Meanwhile, the most notable cooler-than-average temperature departures from average were limited to parts of western Asia and Antarctica, where temperatures were at least 1.0°C (1.8°F) below the 1981–2010 average or cooler. According to the June 2019 percentiles map, cooler-than-average conditions were limited to parts of western Asia, Indonesia, across small areas in the Atlantic and North Pacific oceans, as well as the south-central contiguous United States. No land or ocean areas had record cold June temperatures. [NOAA/NCEI global analysis accessed July 23, 2019]
"The science is sobering—the global temperature in 2012 was among the hottest since records began in 1880. Make no mistake: without concerted action, the very future of our planet is in peril."
NOAA/NCEI annual global analysis for 2018:
The 2017 average global temperature across land and ocean surface areas was 0.84°C (1.51°F) above the 20th century average of 13.9°C (57.0°F), behind the record year 2016 (+0.94°C / +1.69°F) and 2015 (+0.90°C / +1.62°F; second warmest year on record) both influenced by a strong El Niño episode. The year 2017 is also the warmest year without an El Niño present in the tropical Pacific Ocean.
2017 also marks the 41st consecutive year (since 1977) with global land and ocean temperatures at least nominally above the 20th century average, with the six warmest years on record occurring since 2010. Since the start of the 21st century, the global temperature has been broken five times, three of those being set back to back (2014–2016).
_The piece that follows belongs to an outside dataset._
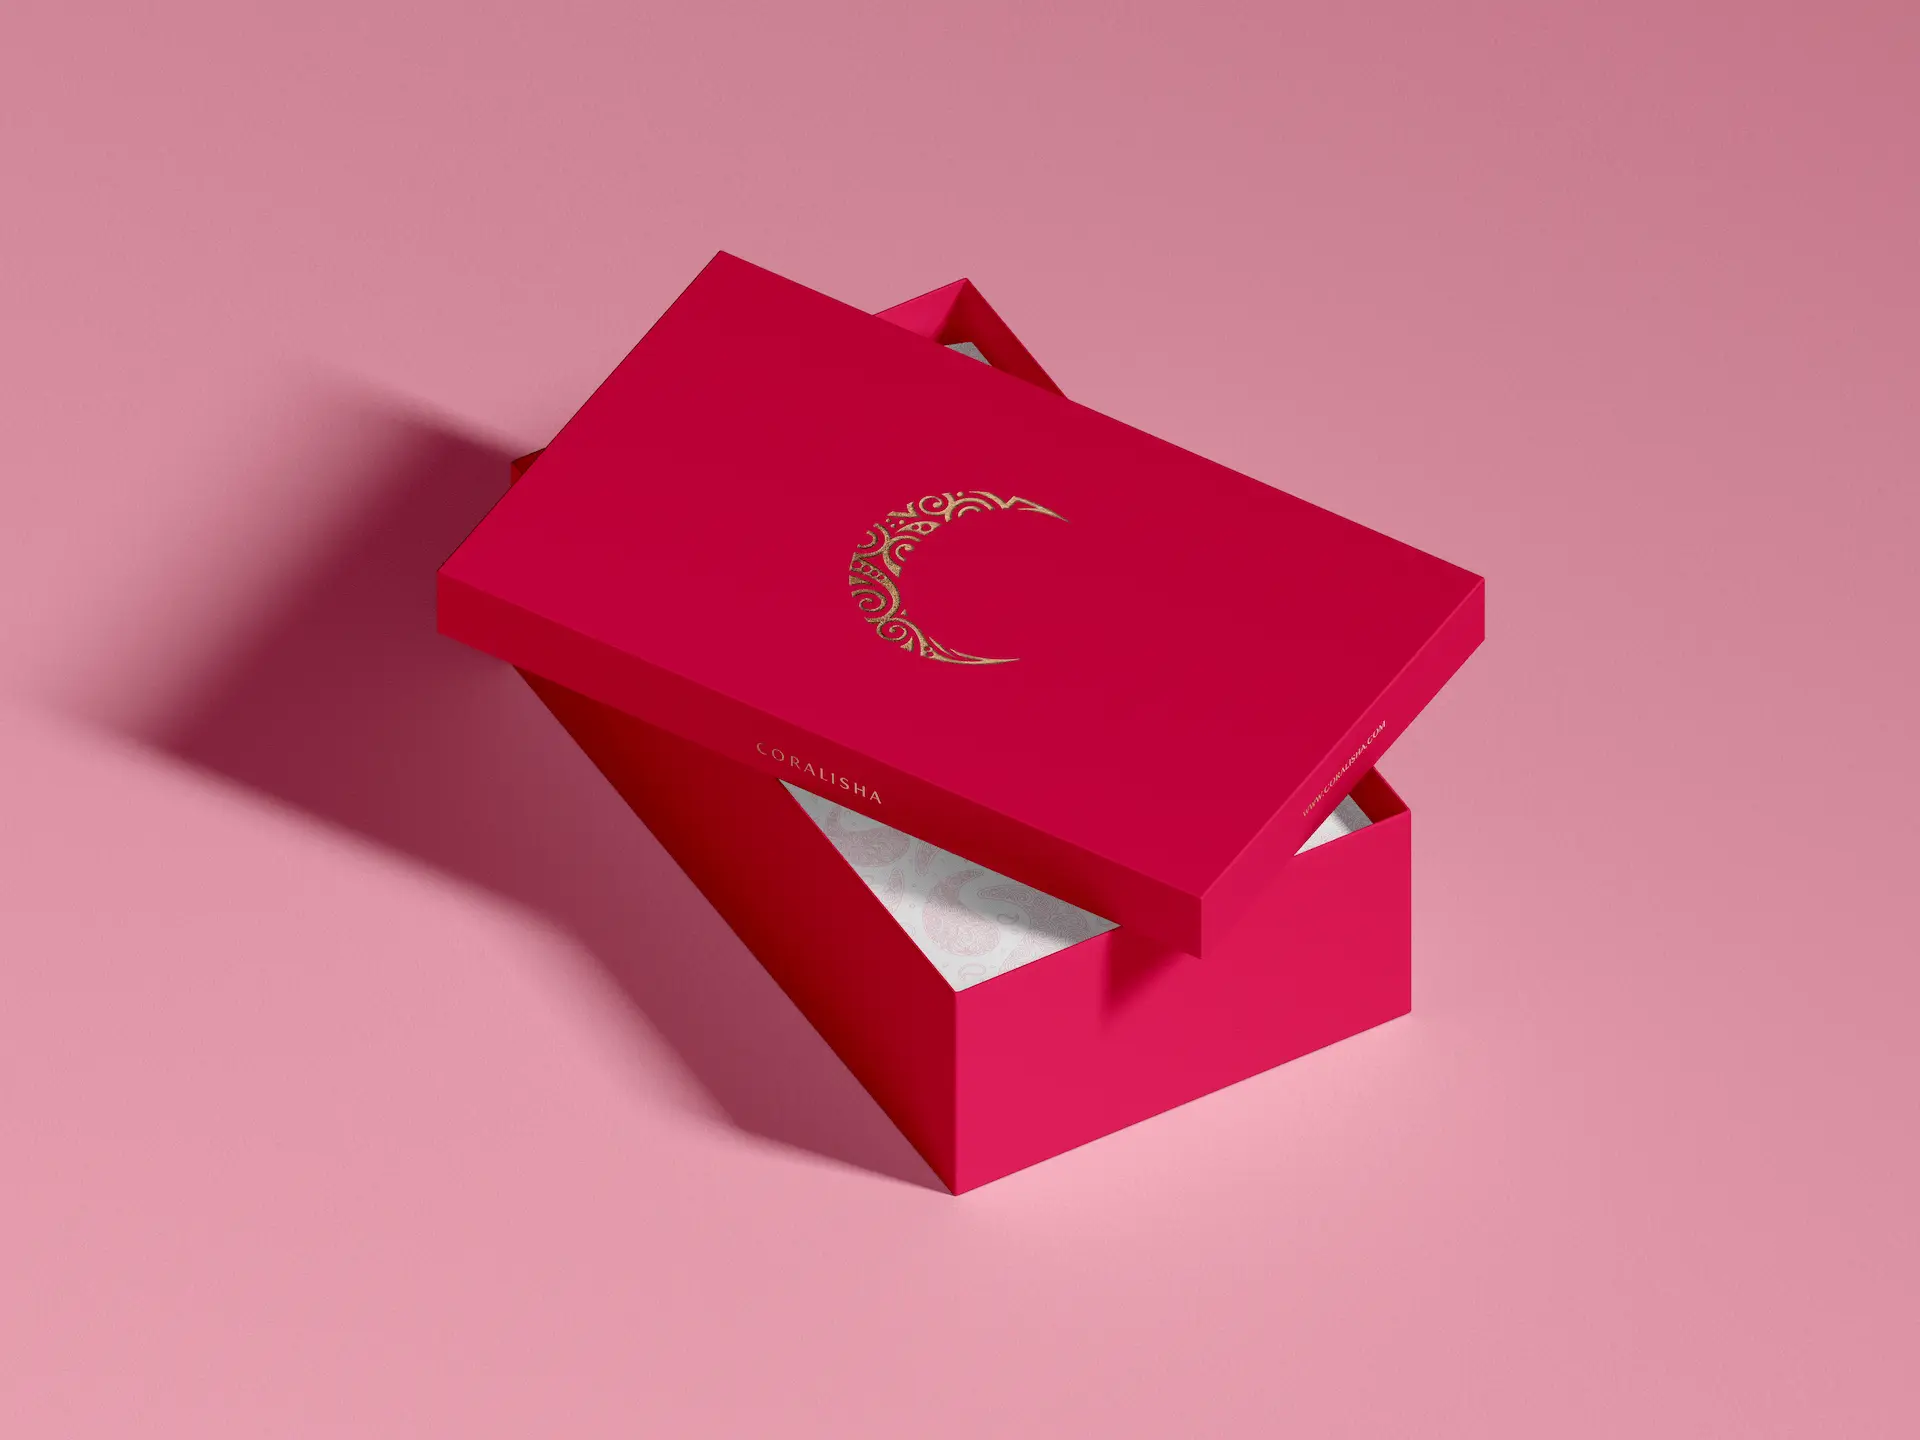 caja de zapatos roja sobre fondo rosa con logotipo marca coralisha estampado en dorado

The yearly global land and ocean temperature has increased at an average rate of 0.07°C (0.13°F) per decade since 1880; however, the average rate of increase is twice as great since 1980. From 1900 to 1980 a new temperature record was set on average every 13.5 years; however, since 1981 it has increased to every 3 years.
Overall, the global annual temperature has increased at an average rate of 0.07°C (0.13°F) per decade since 1880 and at an average rate of 0.17°C (0.31°F) per decade since 1970."
[NOAA/NCEI global analysis for 2018 accessed February 18, 2019].
"Globally-averaged temperatures in 2015 shattered the previous mark set in 2014 by 0.23 degrees Fahrenheit (0.13 Celsius). Only once before, in 1998, has the new record been greater than the old record by this much."
~ NASA Goddard Institute for Space Studies [NASA post of January 20, 2016]
Before the end of 2015, scientists projected that average global temperature increase for 2015 will exceed 1°C above pre-industrial levels. The years 1850-1990 are used as the pre-industrial baseline by the MET Office and Climate Research Unit at the University of East Anglia in the UK. The MET Office released this statement in November 2015:
"This year marks an important first but that doesn't necessarily mean every year from now on will be a degree or more above pre-industrial levels, as natural variability will still play a role in determining the temperature in any given year. As the world continues to warm in the coming decades, however, we will see more and more years passing the 1 degree marker - eventually it will become the norm."